- **Source data**
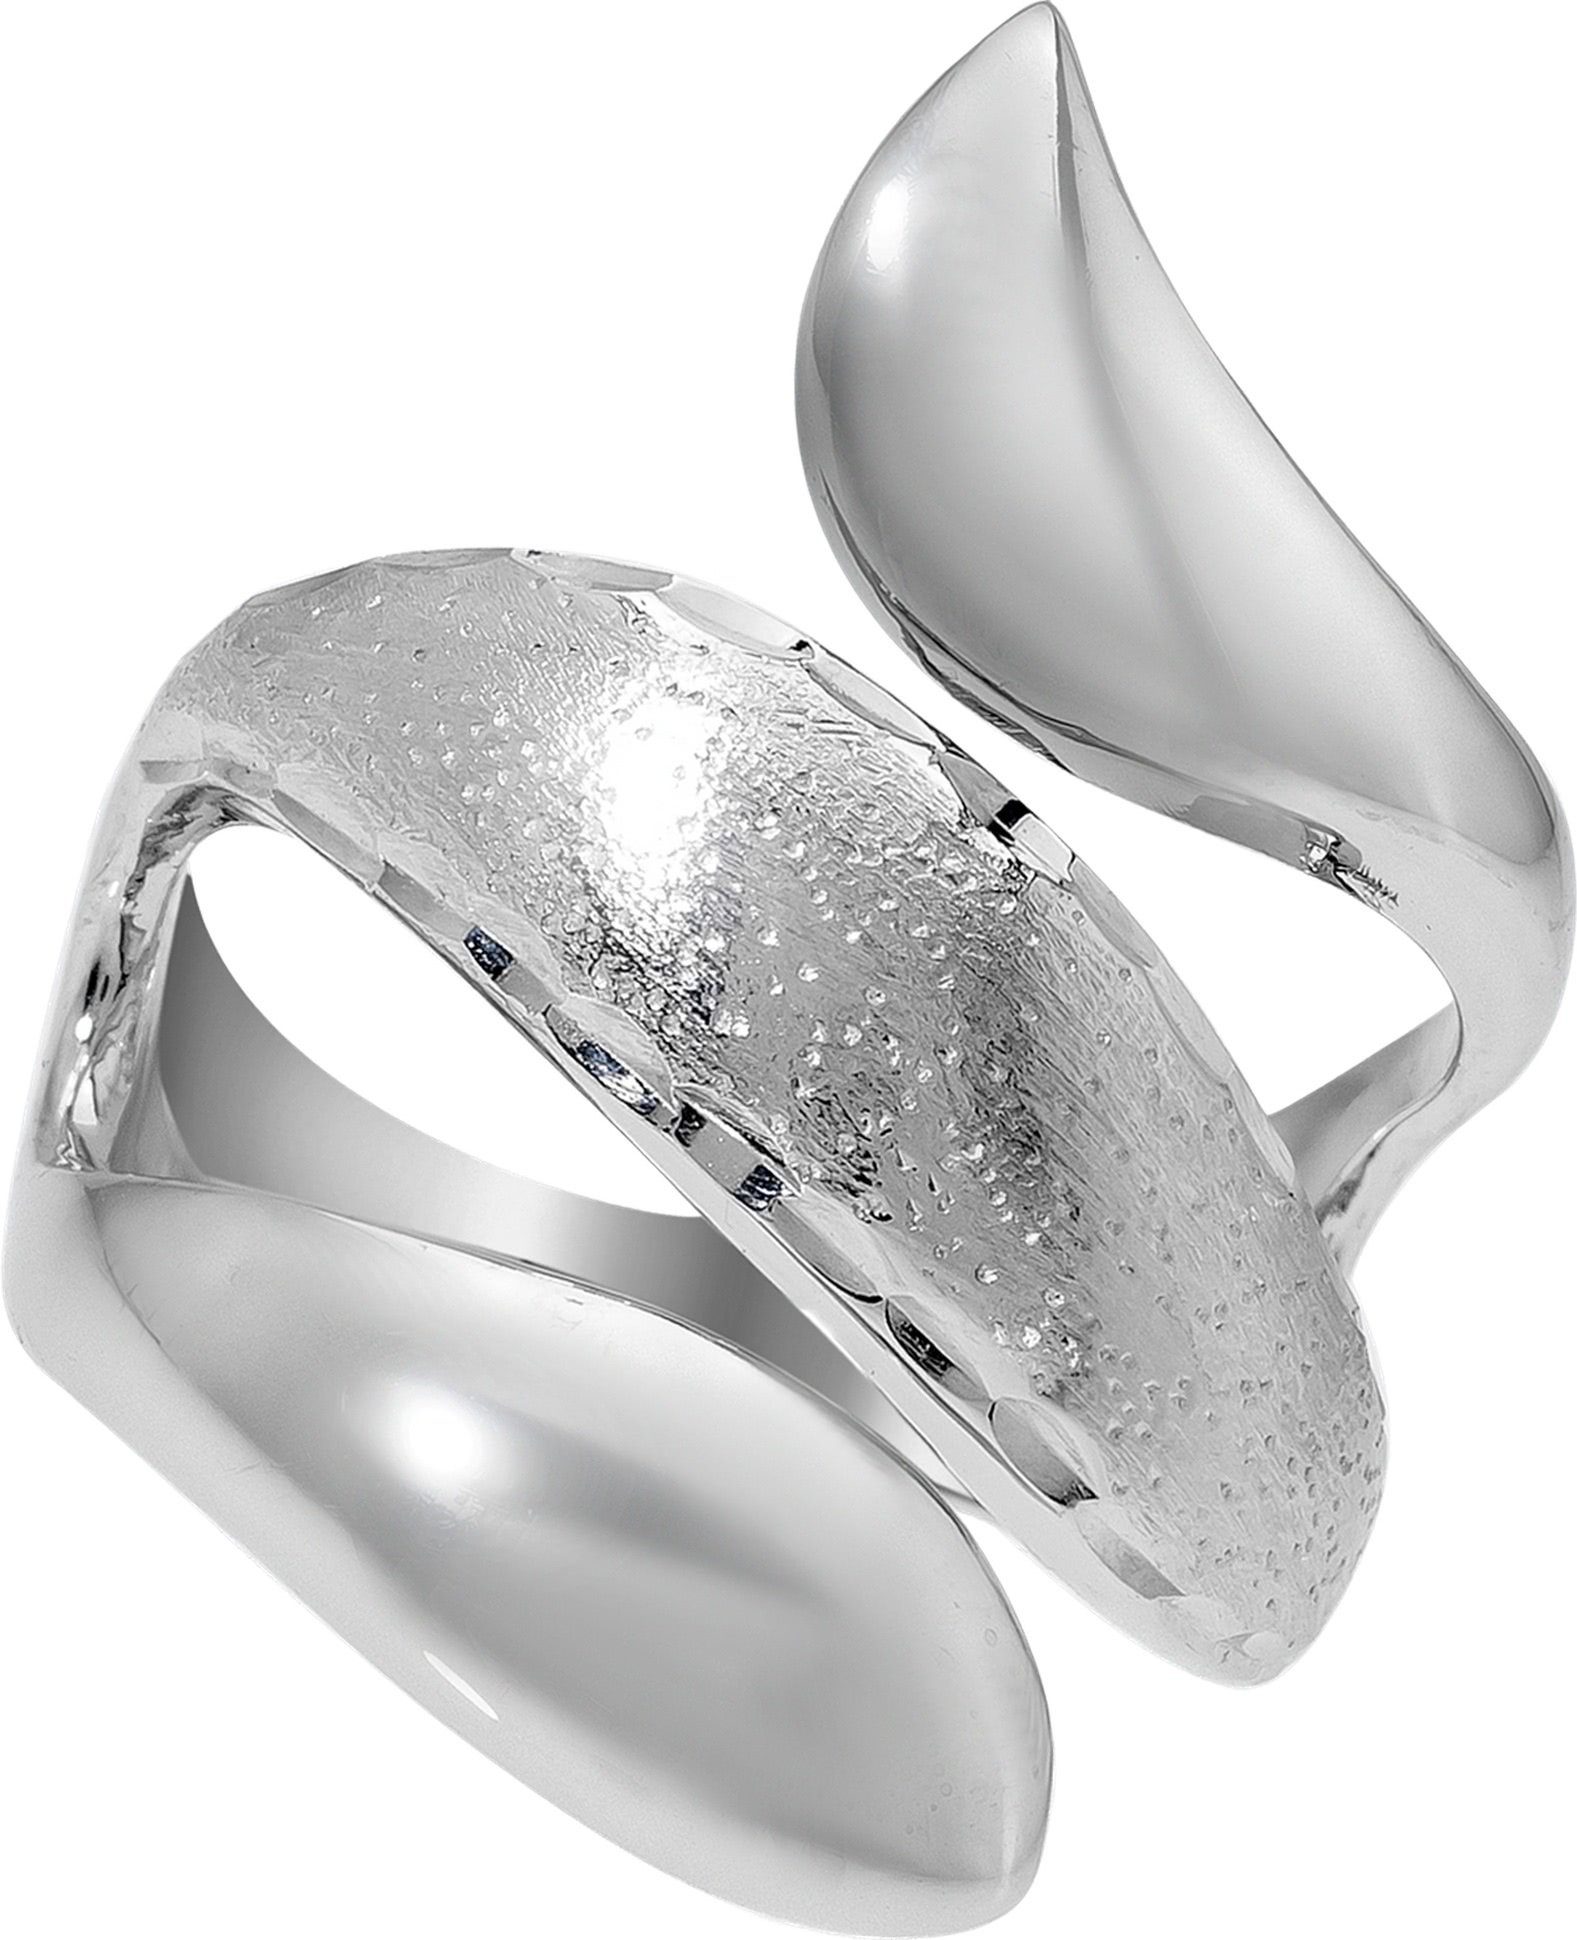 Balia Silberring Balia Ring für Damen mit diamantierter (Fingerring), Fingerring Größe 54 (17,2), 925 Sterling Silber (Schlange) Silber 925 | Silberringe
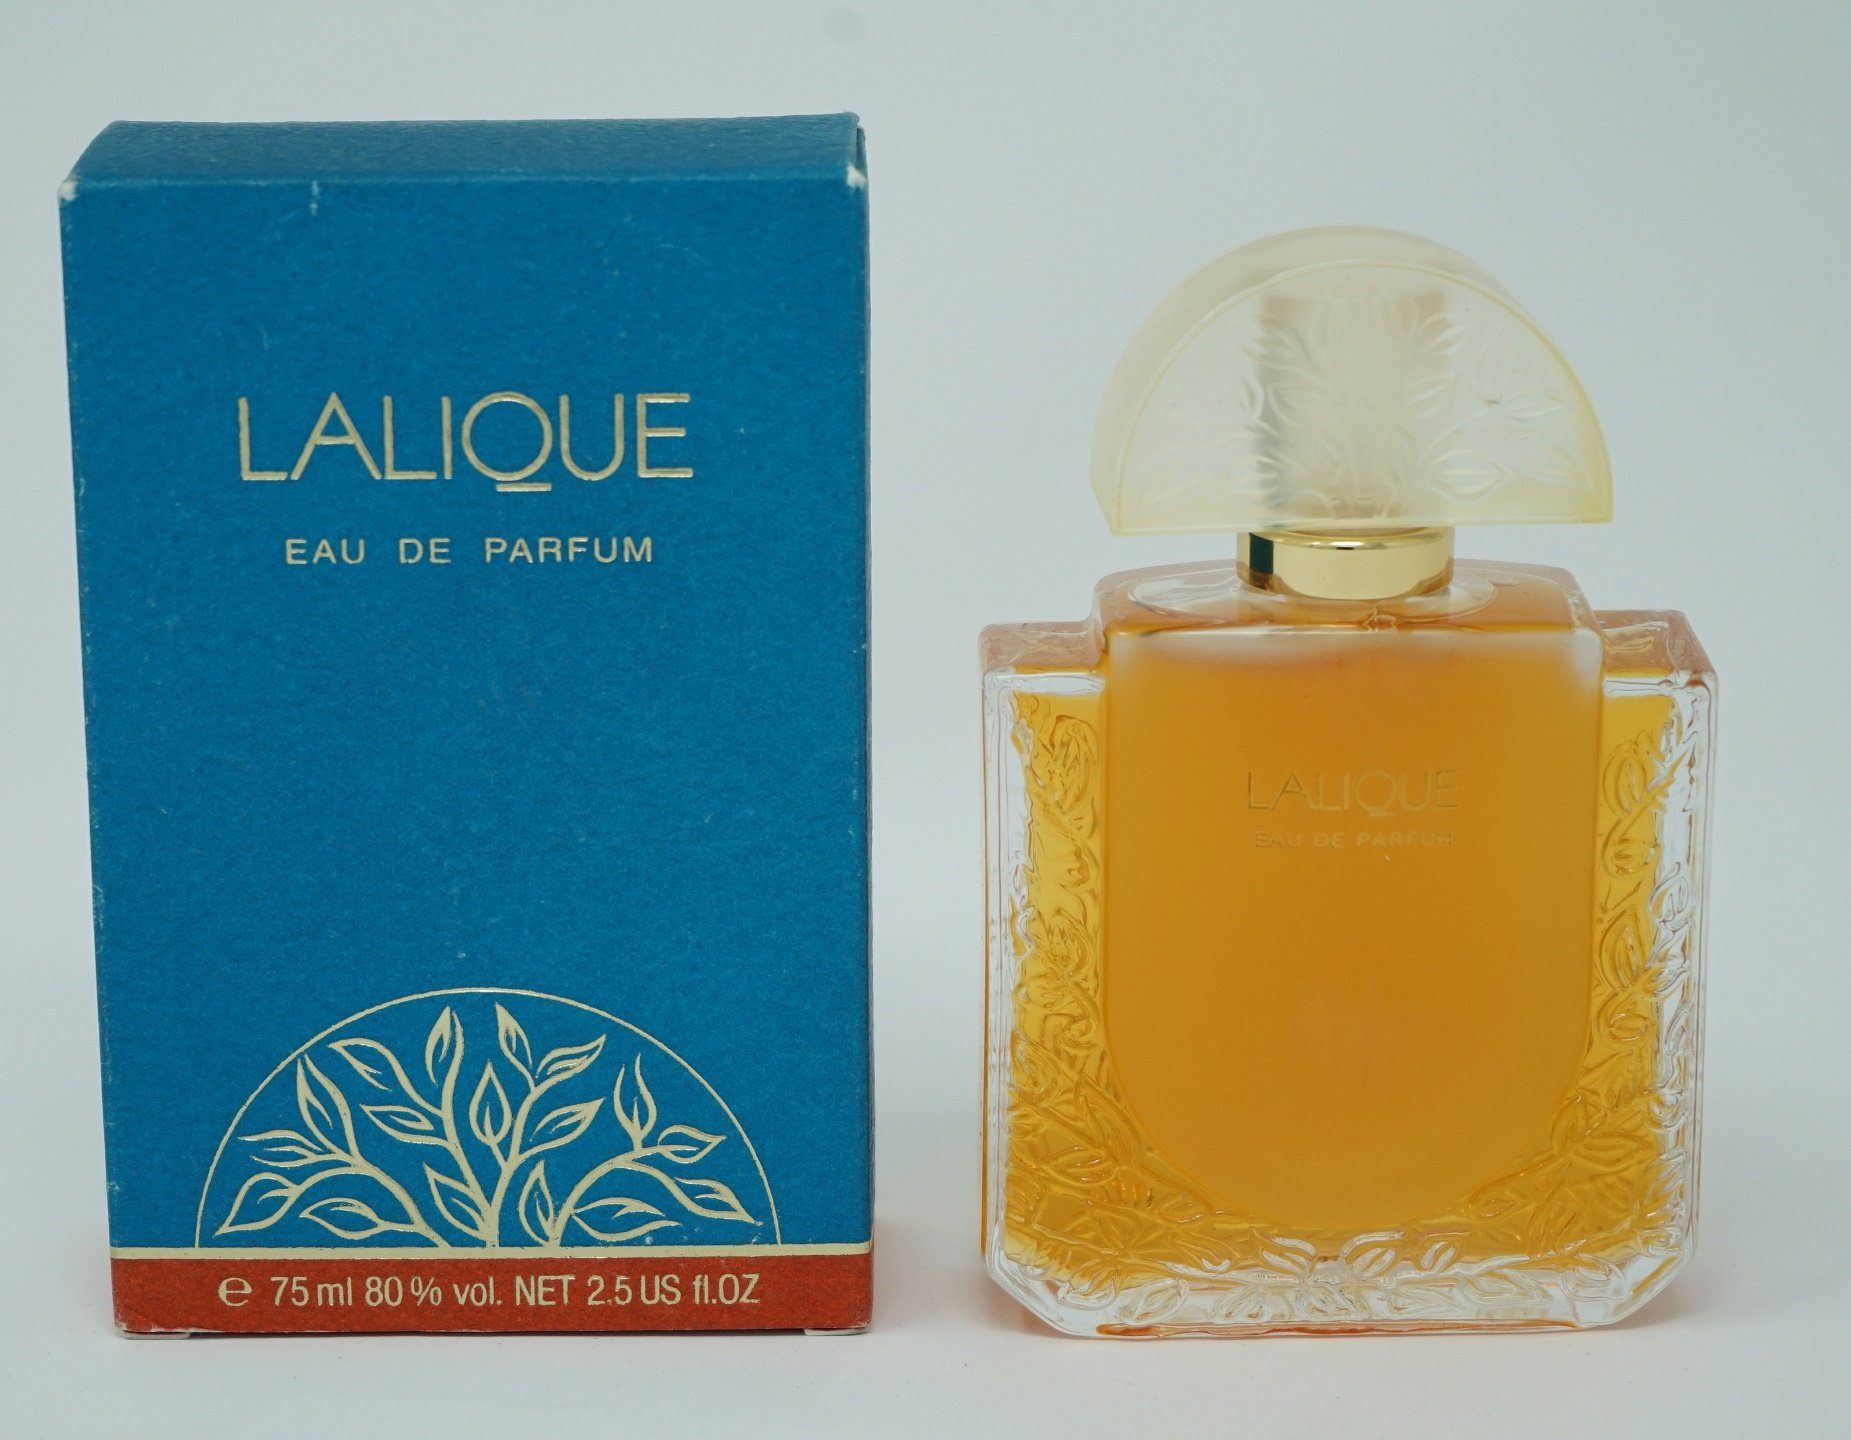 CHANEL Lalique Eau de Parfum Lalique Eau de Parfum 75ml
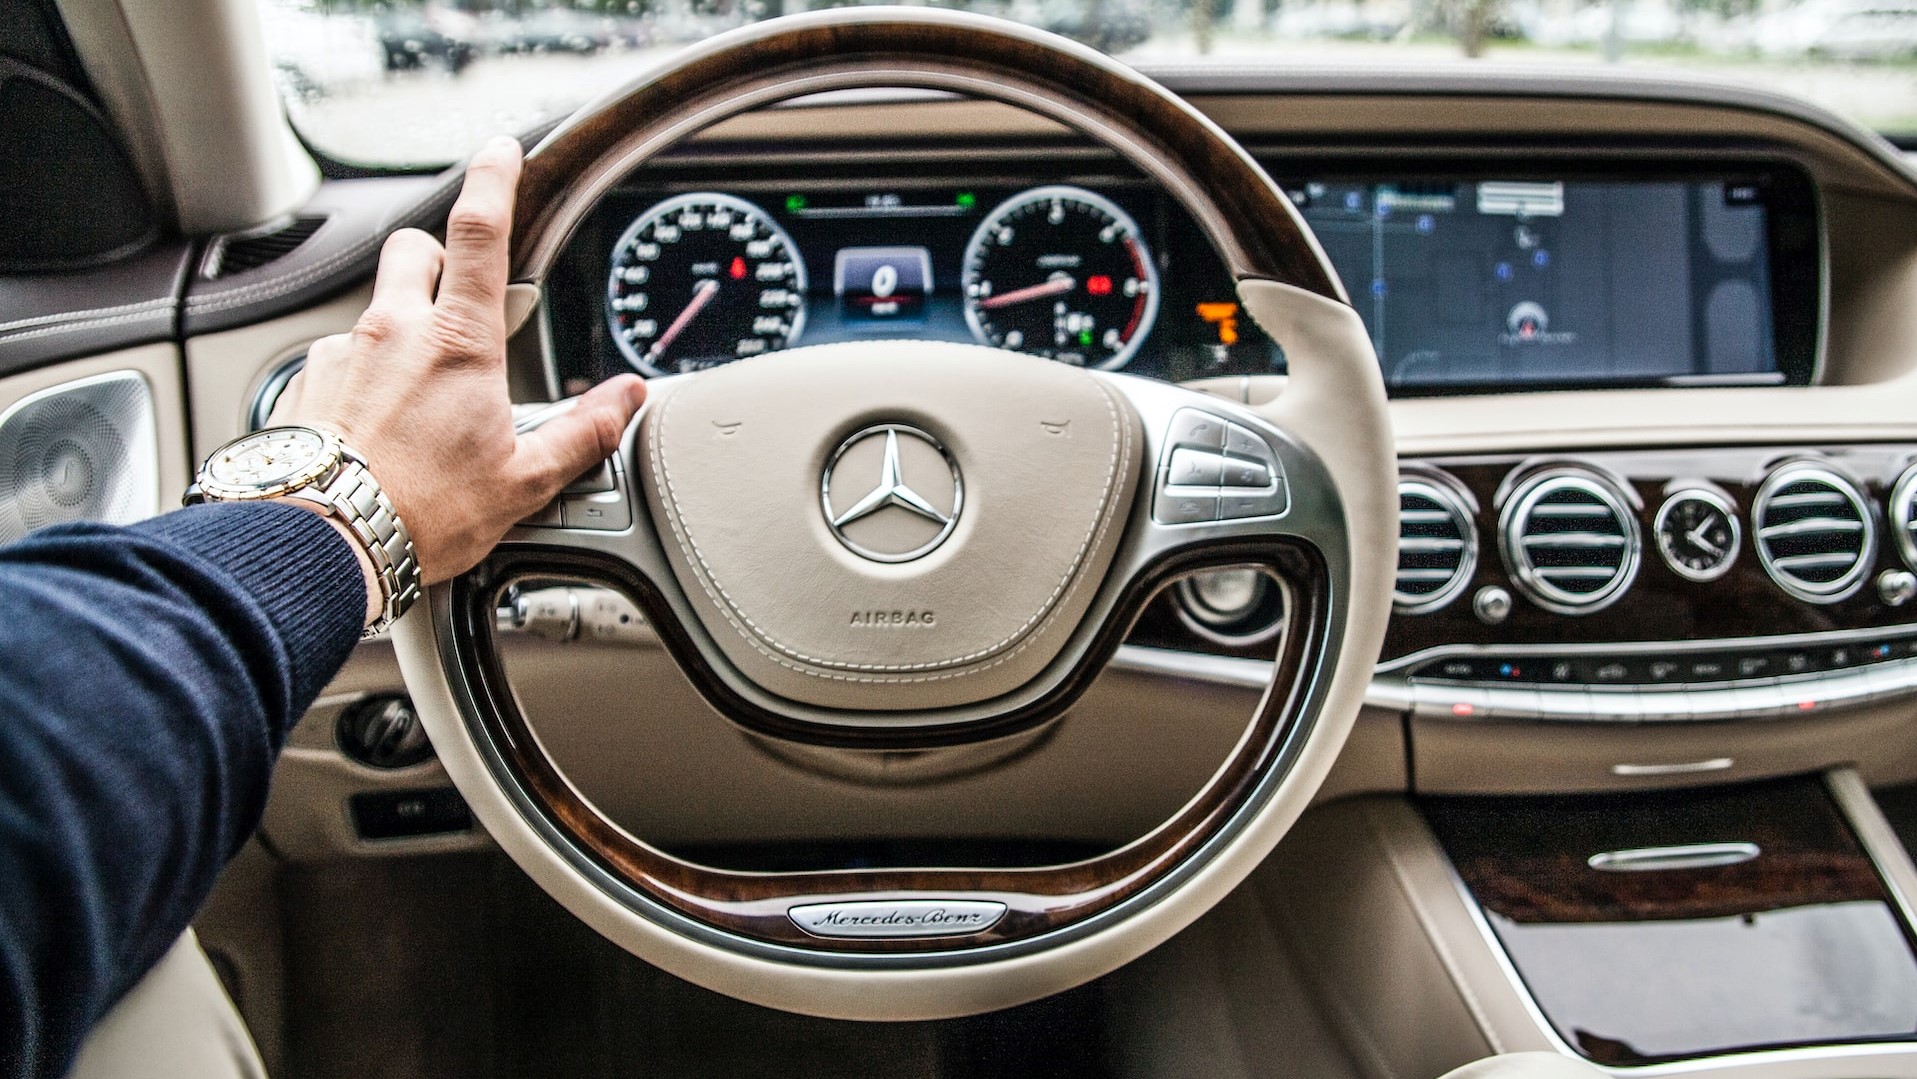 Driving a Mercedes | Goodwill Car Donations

- **Problem**
Since the pictures are not wanted, repeat only the rest of the material, exactly as given.

- **Expected answer**
 Balia Silberring Balia Ring für Damen mit diamantierter (Fingerring), Fingerring Größe 54 (17,2), 925 Sterling Silber (Schlange) Silber 925 | Silberringe
 CHANEL Lalique Eau de Parfum Lalique Eau de Parfum 75ml
 Driving a Mercedes | Goodwill Car Donations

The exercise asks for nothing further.